PROBLEM STATEMENT:
For the entries that follow, restate word for word the line containing "TUBIE TAPE marble Tubie Life ng tube tape", the line containing "KIDS/WOMEN'S RAINBOW SPOT PRINT BUCKET HAT", and every line that lies between them.

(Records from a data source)

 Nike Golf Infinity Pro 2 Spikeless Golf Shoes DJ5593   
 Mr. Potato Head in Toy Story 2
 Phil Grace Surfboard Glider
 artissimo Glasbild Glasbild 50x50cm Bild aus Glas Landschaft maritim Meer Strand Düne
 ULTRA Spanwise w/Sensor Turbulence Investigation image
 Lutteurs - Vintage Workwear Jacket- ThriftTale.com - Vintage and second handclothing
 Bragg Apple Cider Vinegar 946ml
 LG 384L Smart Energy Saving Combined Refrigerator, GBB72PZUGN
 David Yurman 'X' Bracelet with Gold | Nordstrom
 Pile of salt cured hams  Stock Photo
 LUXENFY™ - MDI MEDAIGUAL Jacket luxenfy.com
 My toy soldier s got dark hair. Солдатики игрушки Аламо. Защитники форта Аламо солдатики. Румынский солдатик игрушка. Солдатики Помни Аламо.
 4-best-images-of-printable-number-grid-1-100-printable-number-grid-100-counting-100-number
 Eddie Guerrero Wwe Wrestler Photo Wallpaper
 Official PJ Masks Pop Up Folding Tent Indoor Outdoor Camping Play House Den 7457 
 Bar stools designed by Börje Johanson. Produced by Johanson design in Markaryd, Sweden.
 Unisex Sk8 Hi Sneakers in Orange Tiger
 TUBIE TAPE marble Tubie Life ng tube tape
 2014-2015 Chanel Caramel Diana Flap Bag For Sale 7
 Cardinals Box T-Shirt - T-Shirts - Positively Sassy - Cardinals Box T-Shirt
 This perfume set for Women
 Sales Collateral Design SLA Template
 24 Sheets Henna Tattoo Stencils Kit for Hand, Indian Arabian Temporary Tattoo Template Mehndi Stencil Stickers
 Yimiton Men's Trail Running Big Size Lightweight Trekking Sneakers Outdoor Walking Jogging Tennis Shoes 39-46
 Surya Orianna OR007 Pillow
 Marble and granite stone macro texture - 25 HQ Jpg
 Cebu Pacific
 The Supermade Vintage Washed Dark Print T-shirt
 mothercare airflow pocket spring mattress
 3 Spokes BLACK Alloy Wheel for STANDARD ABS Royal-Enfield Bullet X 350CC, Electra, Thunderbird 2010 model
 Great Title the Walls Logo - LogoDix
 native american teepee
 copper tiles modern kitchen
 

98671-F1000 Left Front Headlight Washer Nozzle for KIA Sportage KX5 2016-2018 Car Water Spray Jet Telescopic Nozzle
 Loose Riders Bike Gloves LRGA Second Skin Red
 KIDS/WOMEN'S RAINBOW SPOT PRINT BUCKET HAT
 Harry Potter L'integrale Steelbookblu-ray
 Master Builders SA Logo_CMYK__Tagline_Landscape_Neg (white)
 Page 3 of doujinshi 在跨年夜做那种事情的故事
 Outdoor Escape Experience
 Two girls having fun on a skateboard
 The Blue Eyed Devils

TASK RESULT:
 TUBIE TAPE marble Tubie Life ng tube tape
 2014-2015 Chanel Caramel Diana Flap Bag For Sale 7
 Cardinals Box T-Shirt - T-Shirts - Positively Sassy - Cardinals Box T-Shirt
 This perfume set for Women
 Sales Collateral Design SLA Template
 24 Sheets Henna Tattoo Stencils Kit for Hand, Indian Arabian Temporary Tattoo Template Mehndi Stencil Stickers
 Yimiton Men's Trail Running Big Size Lightweight Trekking Sneakers Outdoor Walking Jogging Tennis Shoes 39-46
 Surya Orianna OR007 Pillow
 Marble and granite stone macro texture - 25 HQ Jpg
 Cebu Pacific
 The Supermade Vintage Washed Dark Print T-shirt
 mothercare airflow pocket spring mattress
 3 Spokes BLACK Alloy Wheel for STANDARD ABS Royal-Enfield Bullet X 350CC, Electra, Thunderbird 2010 model
 Great Title the Walls Logo - LogoDix
 native american teepee
 copper tiles modern kitchen
 

98671-F1000 Left Front Headlight Washer Nozzle for KIA Sportage KX5 2016-2018 Car Water Spray Jet Telescopic Nozzle
 Loose Riders Bike Gloves LRGA Second Skin Red
 KIDS/WOMEN'S RAINBOW SPOT PRINT BUCKET HAT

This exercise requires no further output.